BRIEF DESCRIPTION OF THE DRAWINGS

These and other features and advantages of the present invention will be better understood by reference to the following detailed description when considered in connection with the accompanying drawings wherein:
FIG. 1 is an exploded view of a miniaturized form factor card employing the present invention and an exemplary mobile information device;
FIG. 2 is a block diagram of the elements of an exemplary embodiment of a miniaturized form factor card;
FIG. 3 a is a block diagram of the interaction between an applications processor and other mobile information device functions with the elements of the miniaturized form factor card;
FIG. 3 b is a block diagram of the interaction between the applications processor and other mobile information device functions with the elements of a multimode version of the miniaturized form factor card;
FIG. 3 c is a block diagram of the elements of the inventions with exemplary communications buses;
FIGS. 4 a and 4 b are schematic side and top views of the mounting frame and connector elements for a miniaturized form factor card according to the present invention;
FIGS. 4 c and 4 d are schematic side views of the embodiment of FIGS. 4 a and 4 b with the card prepared for installation and the card installed;
FIGS. 5 a and 5 b are schematic side views of the installation of an alternative embodiment for the mounting frame and connector elements for a miniaturized form factor card according to the present invention;
FIG. 6 a is a side view of indexing locations of connector elements for the embodiments disclosed in FIGS. 4 a-4 d and 5 a and 5 b;
FIG. 6 b is a top view of mechanical indexing elements in the mounting frame;
FIGS. 6 c-6 e are top views of the mechanical indexing elements of the miniaturized form factor card for use with the frame of FIG. 6 b;
FIG. 6 f is a top view of the mounting frame and connector elements for an alternative embodiment with a dual elastomeric connector arrangement;
FIG. 7 is an isometric view of a third embodiment of a miniaturized form factor card according to the present invention employing an alternative connector configuration;
FIG. 8 a is an pictorial view of a the embodiment of a miniaturized form factor card according to the present invention employing the alternative connector configuration of FIG. 7;
FIG. 8 b is an isometric view of a fourth embodiment of a miniaturized form factor card according to the present invention employing an alternative connector configuration;
FIG. 9 is a schematic representation of the various mobile information devices for which the miniaturized form factor card employing the present invention would be applicable.

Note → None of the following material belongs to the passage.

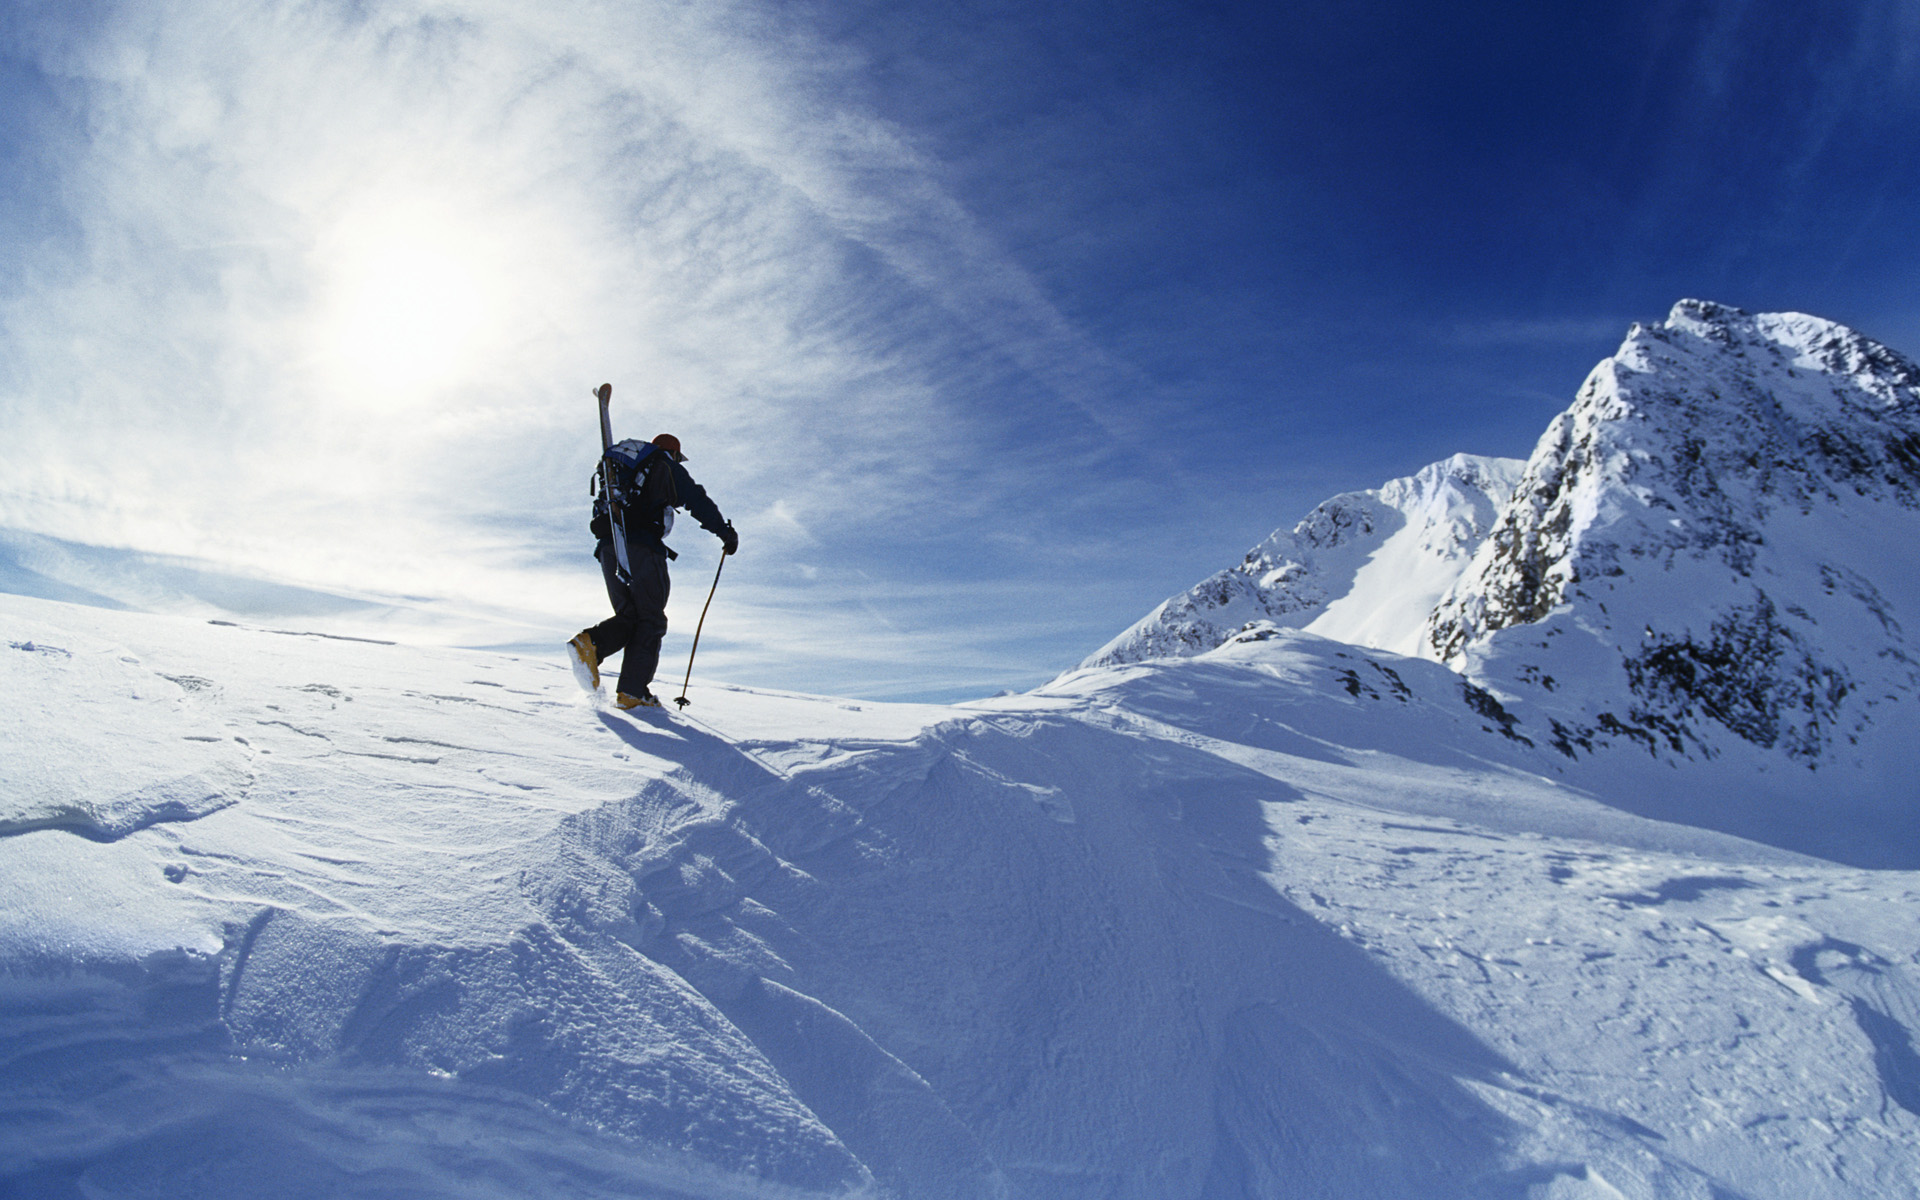 extreme sports wallpaper,ski mountaineering,snow,skiing,winter sport,outdoor recreation
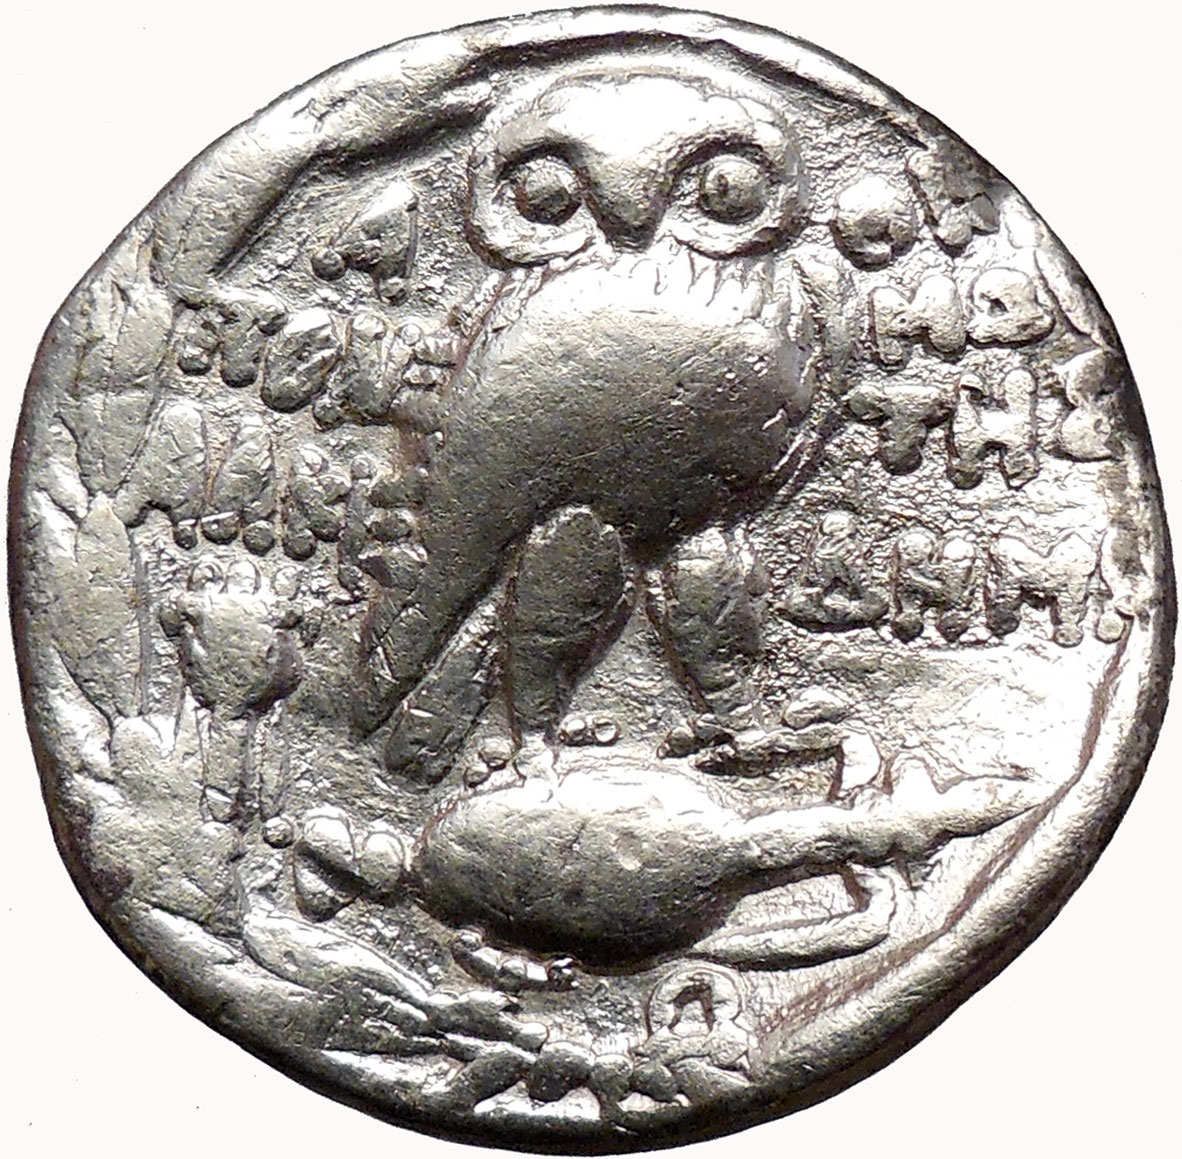 ATHENS Greece 125BC New Style Tetradrachm Athena Owl Ancient Silver

DETAILED DESCRIPTION OF THE INVENTION

FIG. 1 demonstrates one embodiment of the present invention with a miniaturized form factor card 10 according to the invention shown exploded from the mobile information device printed circuit board 12 in which it is to be installed. Battery 11 and Subscriber Identity Module (SIM) 13 elements are also shown for reference. For the drawing, a mobile phone is shown as the mobile information device (MID). FIG. 2 shows an exemplary block diagram of the functional elements of the card of FIG. 1. In an exemplary embodiment, the form factor of the card is comparable to a secure digital (SD) card having a substantially rectangular dimensional planform of about 24 by 32 mm with a thickness of about 2-3 mm. The communications elements included in the card are an RF integrated circuit 14, a wireless broadband modem 16, a memory 18 for use by the processing elements of the modem and RF circuits and a power management integrated circuit 20. An exemplary pin layout for a bump technology interface integrated into the bottom of the card provides connection elements 22 for the RF circuit, a connection block for the power and ground requirements 24, a set of connector elements interface with the applications processor 26 including a test interface and a set of connector elements to interface with the handset peripherals 28 including the keypad 30, display 32 and other basic handset functions for user interface.
The miniaturized form factor card provides all of the elements for a desired communication technology such as Personal HandyPhone System (PHS), Code Division Multiple Access (CDMA), Global System for Mobile communications (GSM), WiMax, wireless LAN, Digital Video Broadcast—Handheld (DVB-H) or Universal Mobile Telecomunications System (UMTS), including single or multiband. The technology can be included as single or multiple mode technologies in certain applications. The handset design can then concentrate on the human factor interface elements and the non-communication functions desired for the device. As shown in FIG. 3 a, the applications processor 34 for the mobile information device such as those produced by Texas Instruments, Inc. or Intel, Inc. or other manufacturers provides the desired functionality of the mobile information device and interface with the elements of card 10 for communications enablement. For the embodiment shown, a Power Amplifier/Low Noise Amplifier (PA/LNA) and RF circuit 302 is provided for a multiband communications protocol with associated modem 304. Communication with the peripherals and applications is provided through interface 308 through SPI, UART, USB, and/or SDIO. In certain applications, the base band processor in the modem in the card allows elimination of a separate CPU or applications processor in the mobile information device.
As shown in FIG. 3 b, the miniaturized form factor card employs multimode capability in certain embodiments providing communications capability in multiple protocols. For the embodiment shown, a PA/LNA and RF circuit is provided for GSM 302 a and CDMA 302 b with associated modems 304 a and 304 b. A common bus 306 provides for communication with the peripherals, and applications interface as with the prior described embodiment.
Communication between the modem 304 and RF functions 302 of the miniature form factor card and the mobile information device is accomplished in exemplary embodiments using a common bus 306. Processing functions specific to the MID are accomplished by the application processor 34 while communications functions are accomplished by the processor 305 in the modem on board the card as shown in FIG. 3 c. As will be described in greater detail subsequently, certain embodiments use the processor only in the MID or card as the controlling processor.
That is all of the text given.